INFORMATION PROVIDED →
################

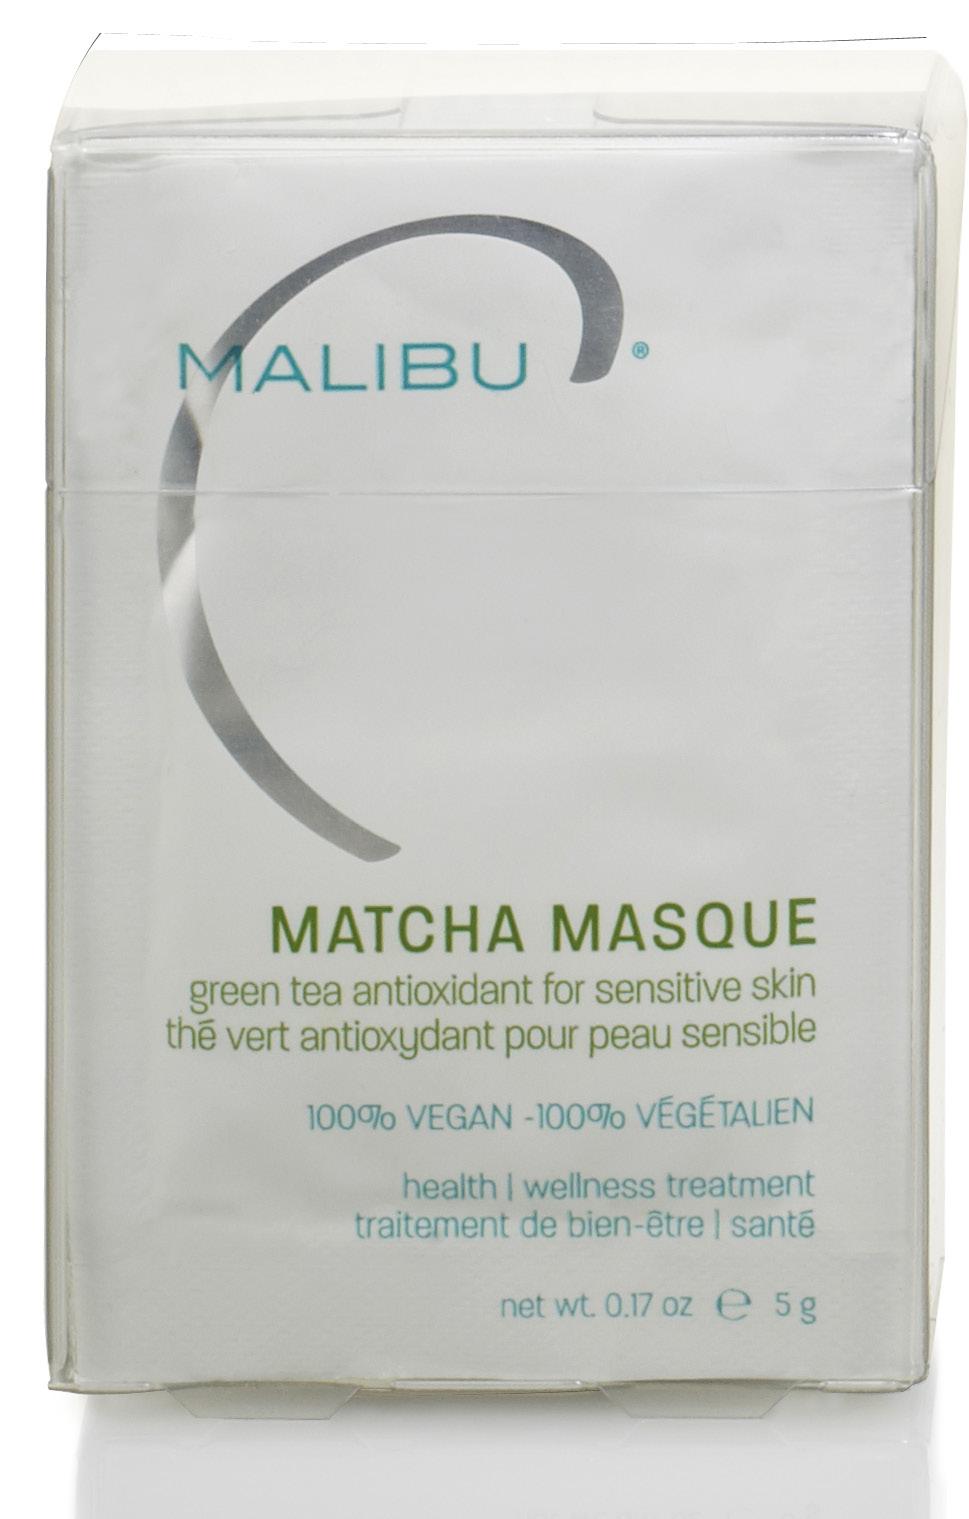 MATCHA MASQUE an antioxidant wellness masque for sensitive and problematic skin An antioxidant masque for sensitive and problematic skin Helps improve the appearance of skin affected by abnormal skin
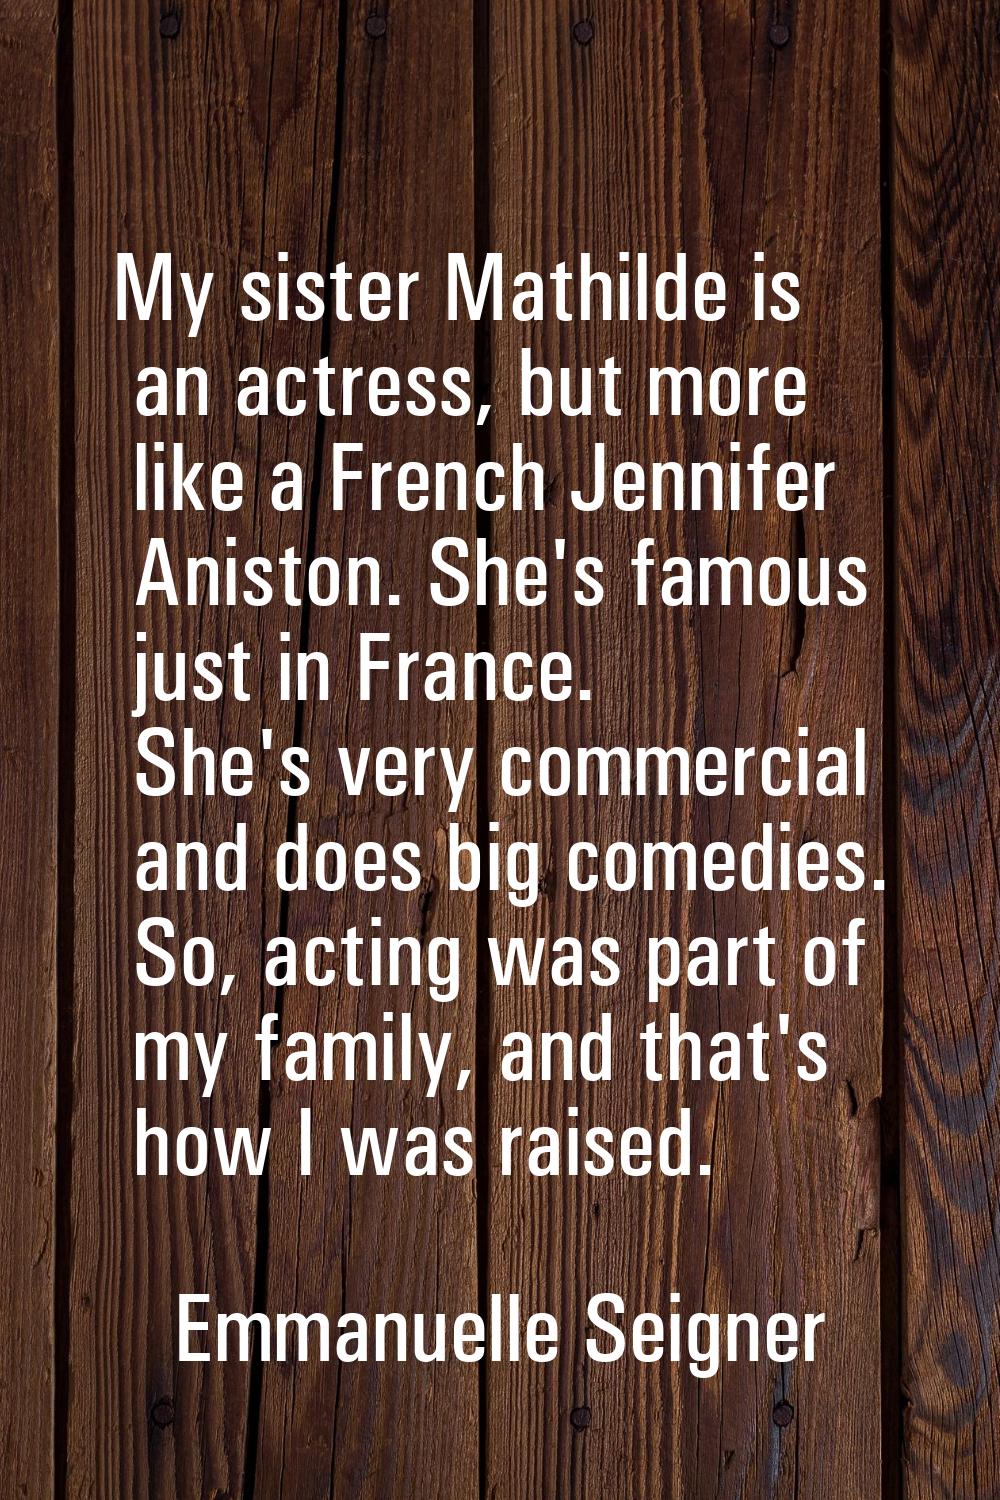 My sister Mathilde is an actress, but more like a French Jennifer Aniston. She's famous just in Fra
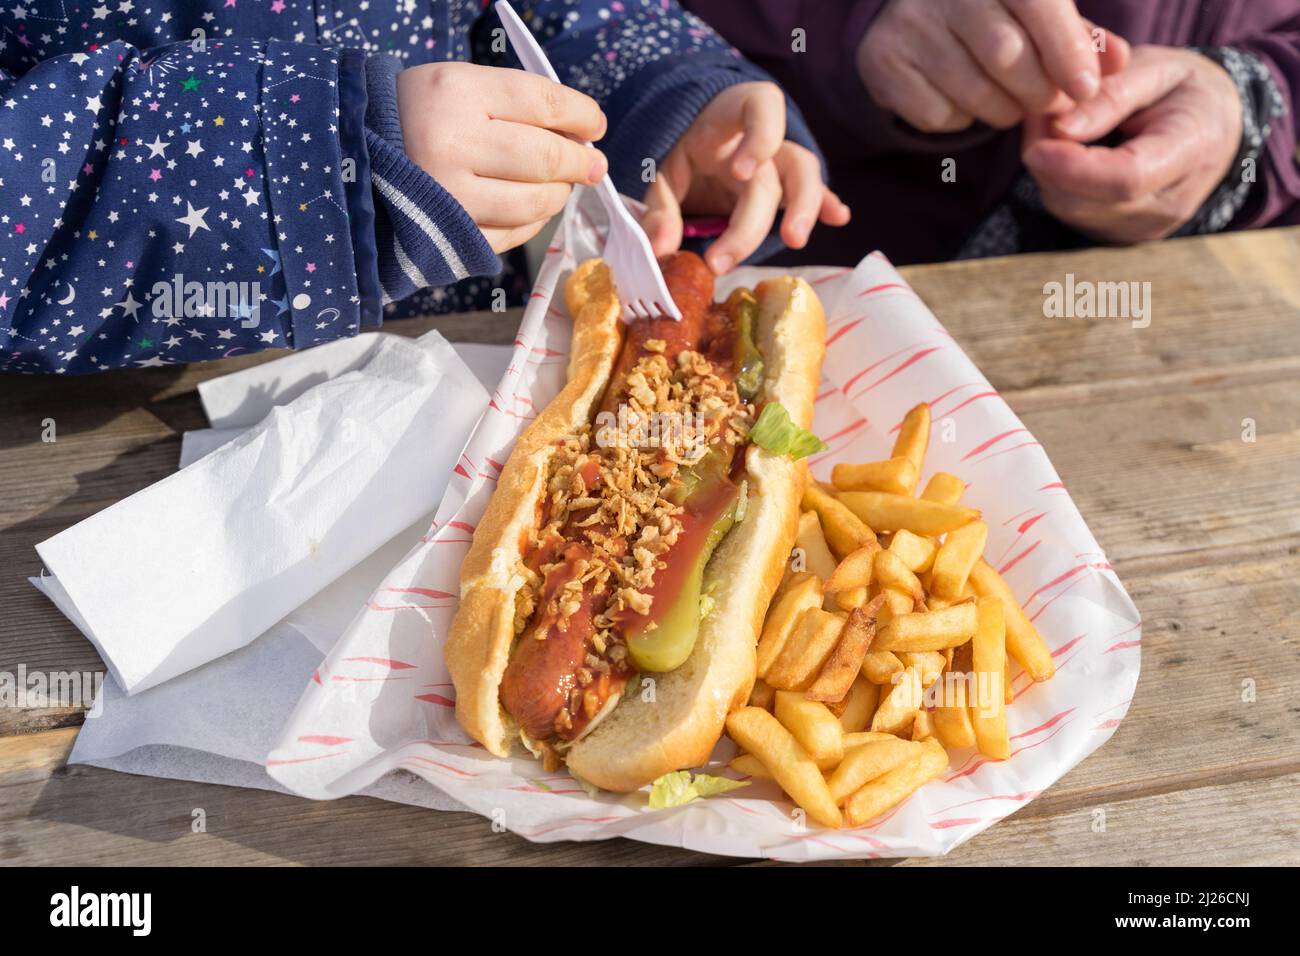 A child eating a hot dog with plate of chips on a day out in Greenwich Southeast London UK Stock Photo

################

TASK STATEMENT →
Everything in the listing except the pictures must be reproduced exactly.

YOUR RESPONSE →
 MATCHA MASQUE an antioxidant wellness masque for sensitive and problematic skin An antioxidant masque for sensitive and problematic skin Helps improve the appearance of skin affected by abnormal skin
 My sister Mathilde is an actress, but more like a French Jennifer Aniston. She's famous just in Fra
 A child eating a hot dog with plate of chips on a day out in Greenwich Southeast London UK Stock Photo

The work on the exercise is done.